Thursday, July 8, 2010

Violent Drug Gang Have Christian Author as ‘Required Reading’


John Eldredge, the author of a million plus bestseller, “Wild at Heart: Discovering the Secret of a Man’s Soul,” has been cited as spiritual inspiration for a ruthless fundamentalist Mexican drug gang called La Familia.

The leader of the gang, which controls most of the Crystal Meth traffic in the US is Nazario Morena who has just written a 104 page booklet called “Thoughts” that gives Christian inspirational advice. Morena also expects his gang members to study the Bible and pray the Rosary even as they gun down police, dismember opponents and manufacture drugs. La Familia hit the headlines in 2006 when they threw severed heads into a Mexican disco, and they have become infamous for brutality mixed with pseudo-spirituality.

Morena has made John Eldredge’s book required reading for his gang members because he so appreciates Eldredge’s tendency to encourage Christian men to rediscover their masculinity in toughness and violence.

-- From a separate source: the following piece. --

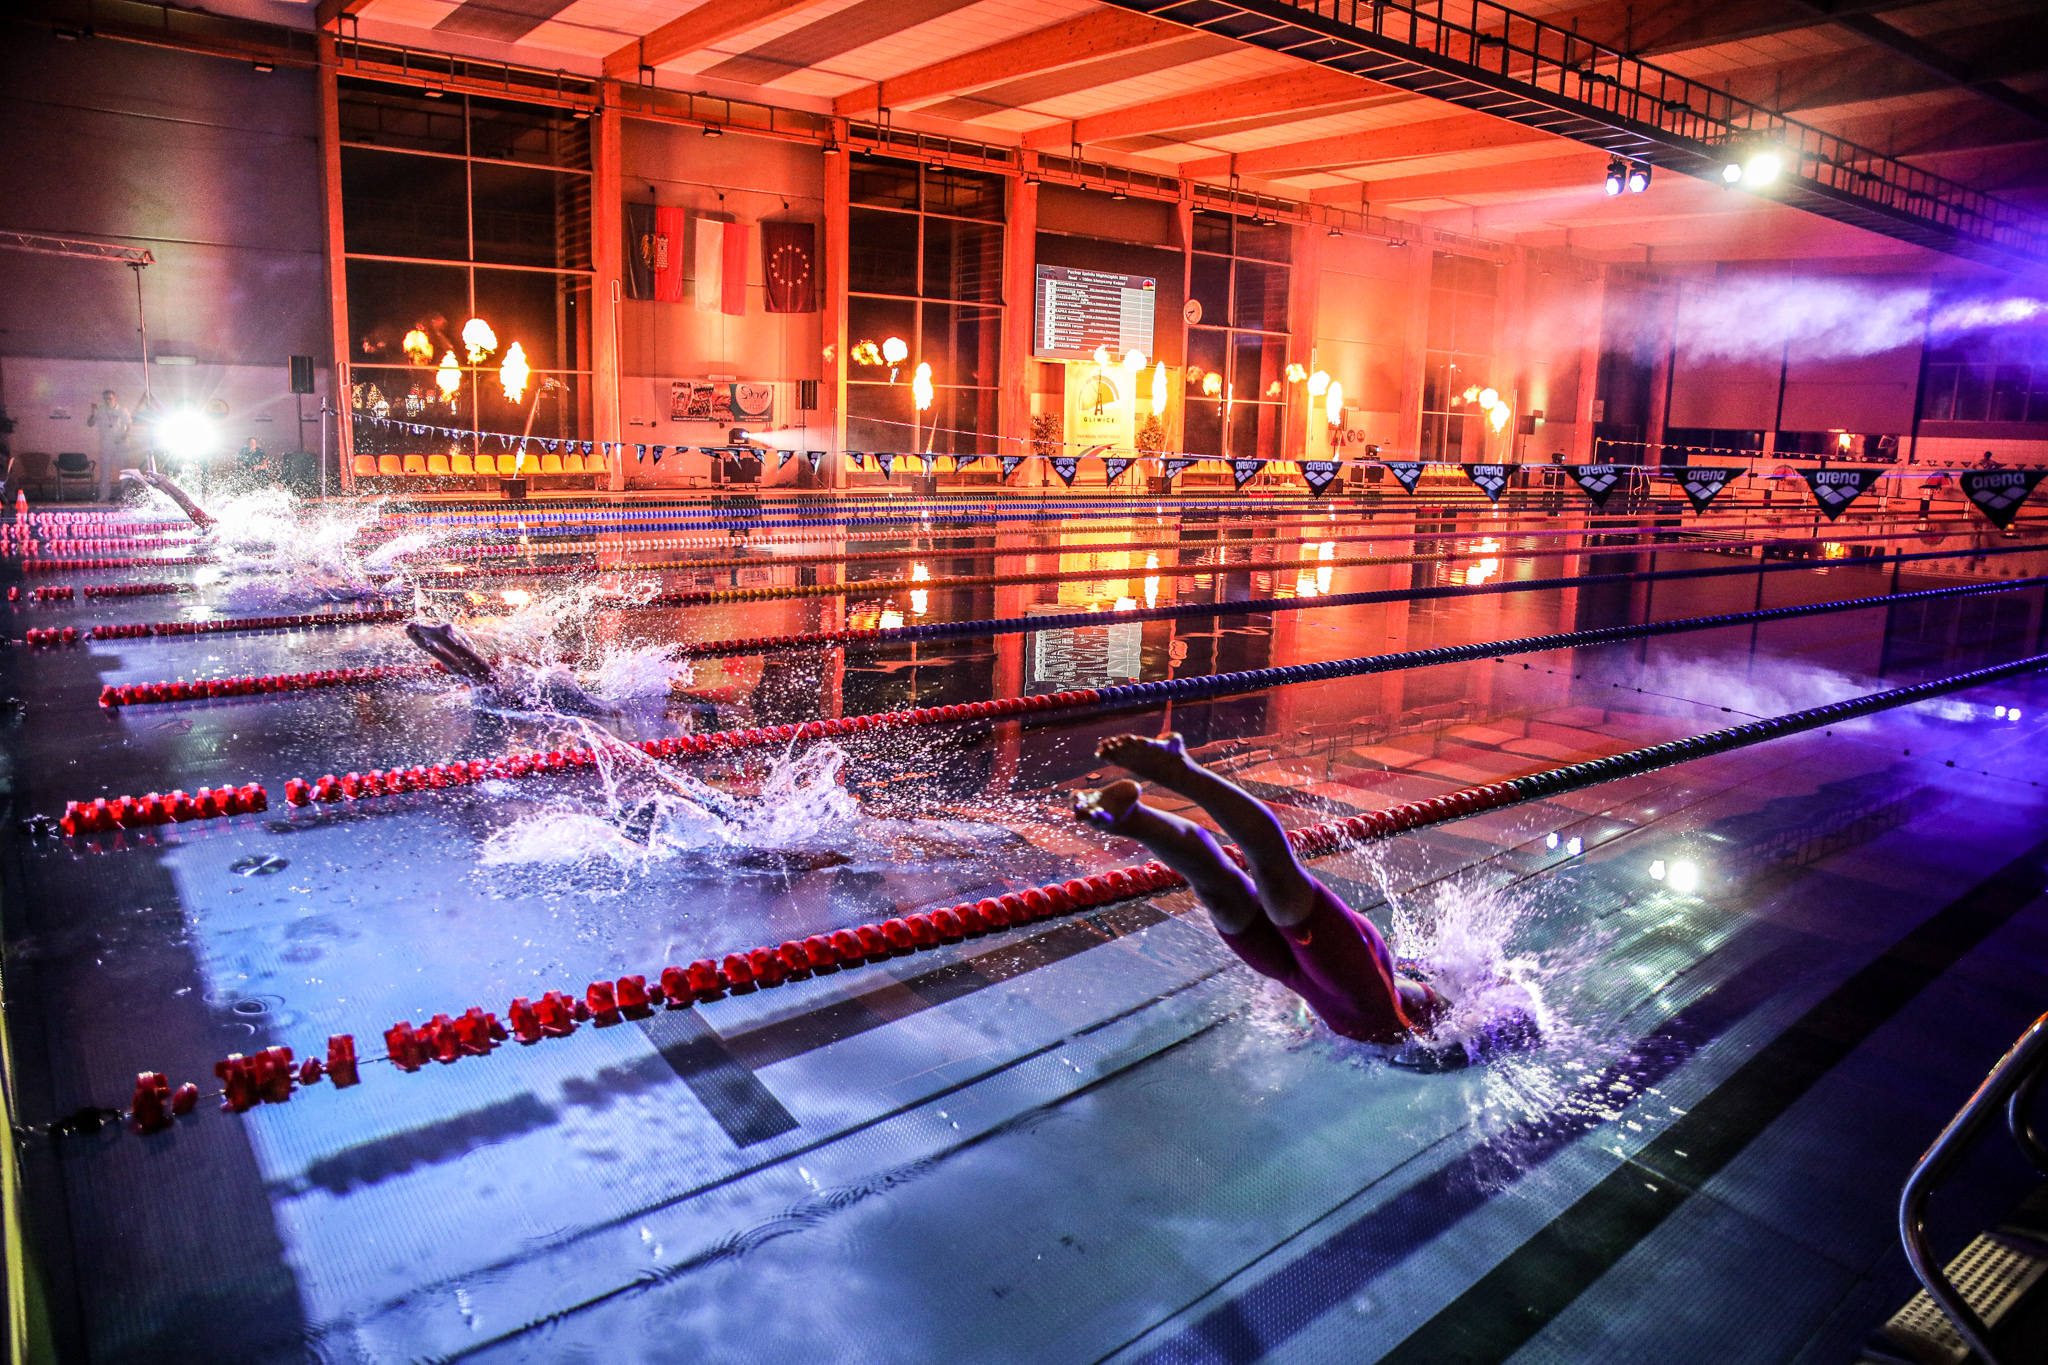 Pływacy wskakujący do basenu pośród kolorowych świateł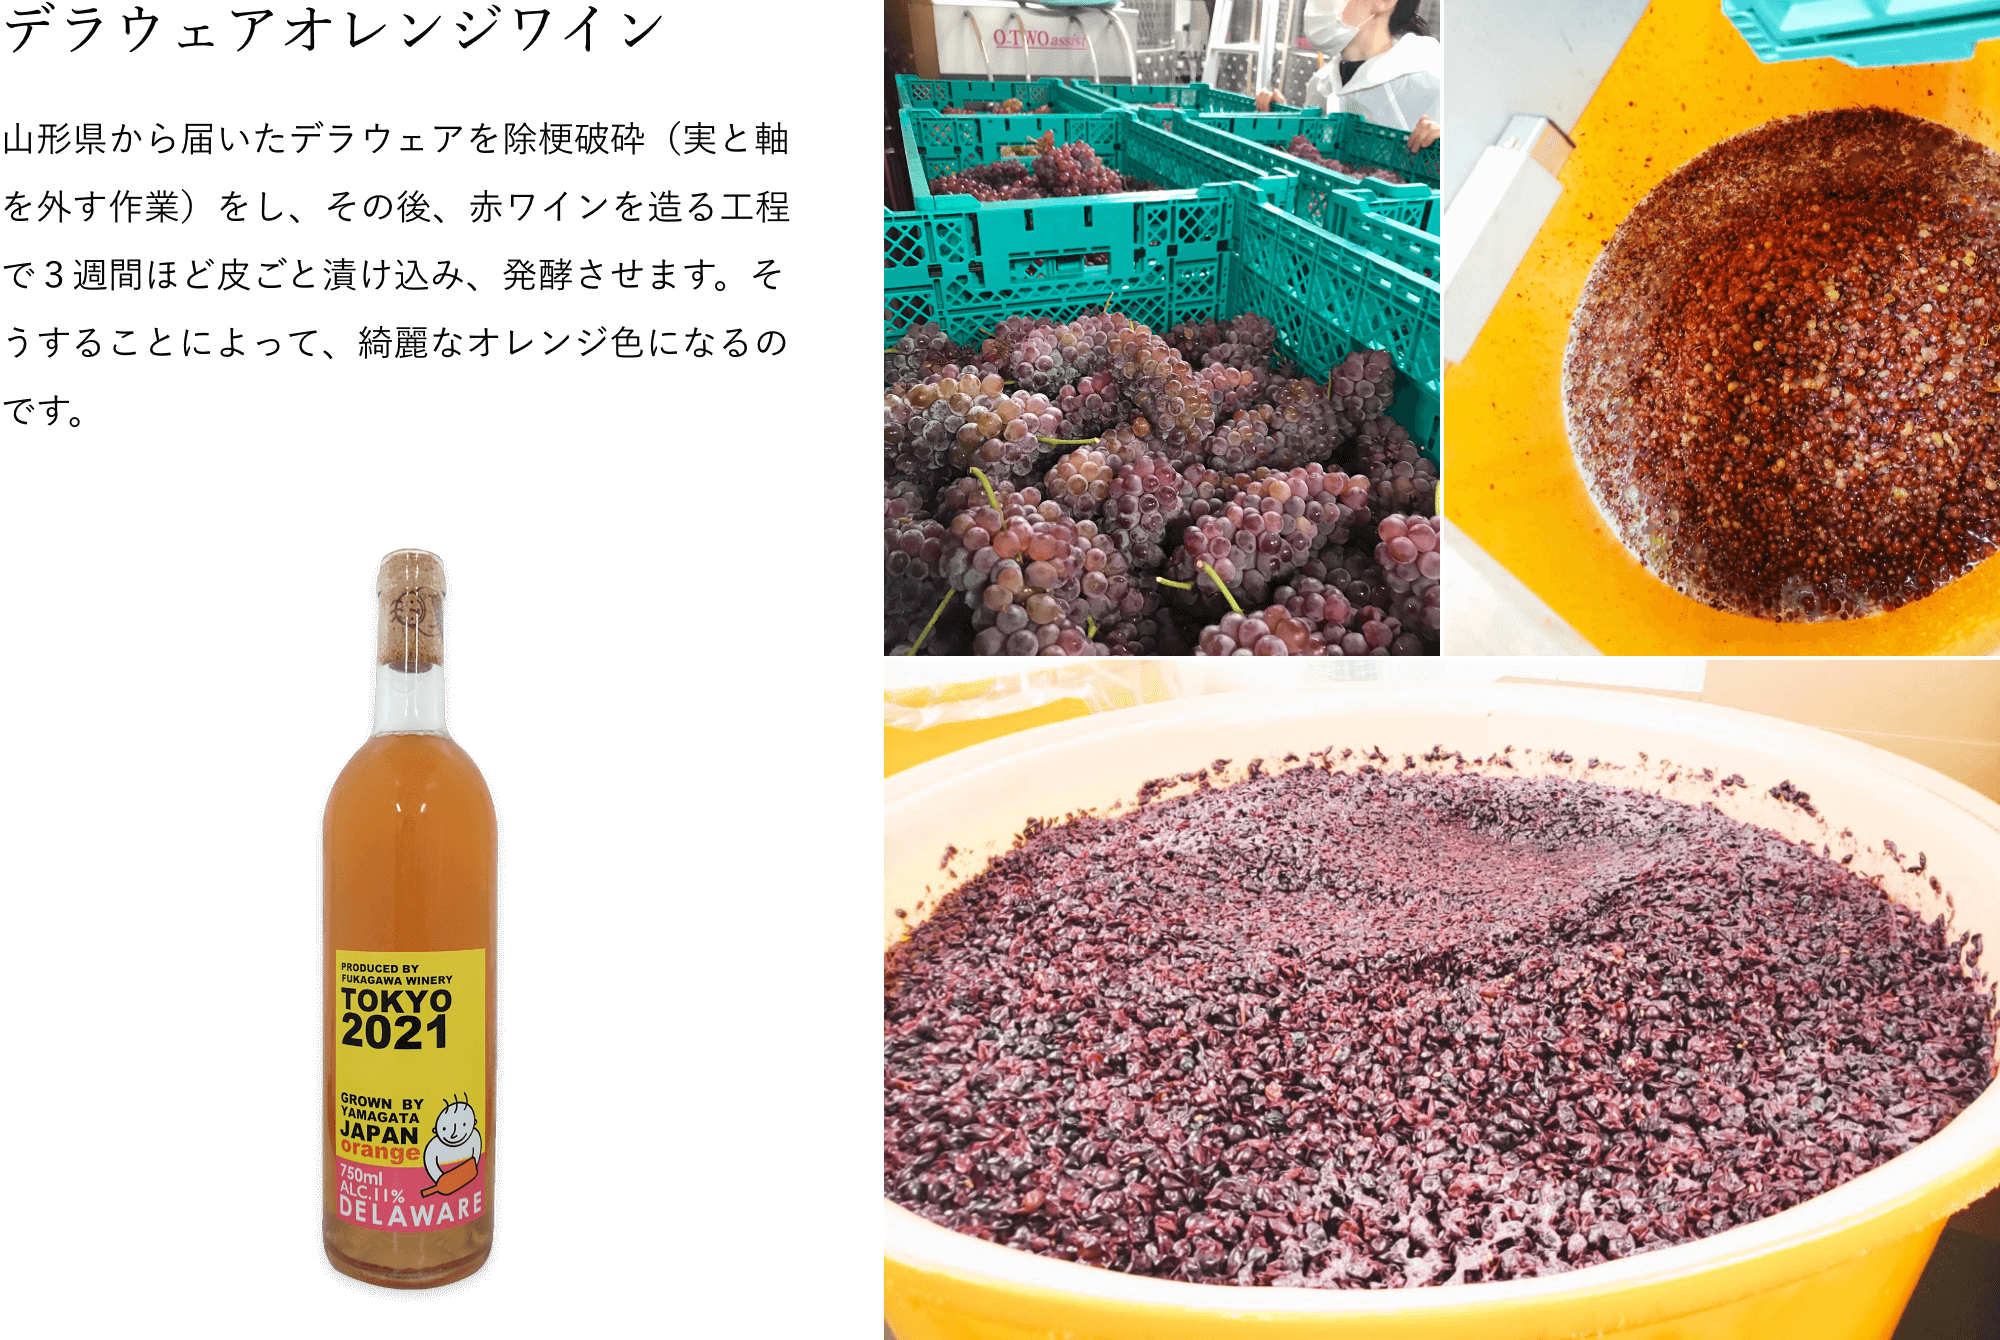 デラウェアオレンジワイン　山形県から届いたデラウェアを除梗破砕（実と軸を外す作業）をし、その後、赤ワインを造る工程で３週間ほど皮ごと漬け込み、発酵させます。そうすることによって、綺麗なオレンジ色になるのです。

So what exactly is it about "Wild at Heart" that Morena loves? Well, for a start, Eldredge writes approvingly of men’s innate love of weapons, combat and hunting.

“Aggression is part of the masculine design; we are hardwired for it. If we believe that man is made in the image of God, then we would do well to remember that “the Lord is a warrior (Exodus 15:3).”

When the macho passages in Wild at Heart are read in context, it’s apparent that Eldredge’s animosity is toward what he sees as society’s emasculation of the male. His remedy is physical adventures in nature and an embracing of the Bible. He writes elsewhere that:

“Capes and swords, camouflage, bandannas and six shooters–these are the uniforms of boyhood. Little boys yearn to know that they are powerful, they are dangerous, they are something to be reckoned with. How many parents have tried to prevent little Timmy from playing with guns? Give it up. If you do not supply a boy with weapons, he will make them from whatever materials are at hand. My boys chew their graham crackers into the shape of handguns at the breakfast table.”

Over the course of his book, Eldredge tries to convince his readers that it is natural, or “in the blood” of men to yearn for violence. He says that, “Women didn’t make Braveheart one of the best selling films of the decade. Flying Tigers, The Bridge Over The River Kwai, The Magnificent Seven, Shane, High Noon, Saving Private Ryan, Top Gun, The Die Hard films, Gladiator–the movies a man loves reveal what his heart yearns for, what is set inside him from the day of his birth. Like it or not, there is something fierce in the heart of every man.”

However, abundant psychological research has proven that humans (both sexes) have an instinctive aversion to killing others. Most soldiers, other than the estimated two percent who are sociopaths, have to go through specific conditioning before they are able to fire weapons at others. For example in World War Two (prior to the development of such conditioning) according to one study only 15-20% of U.S. riflemen fired their rifles in combat.

Eldredge has distanced himself from La Familia claiming that they have fundamentally misunderstood his message.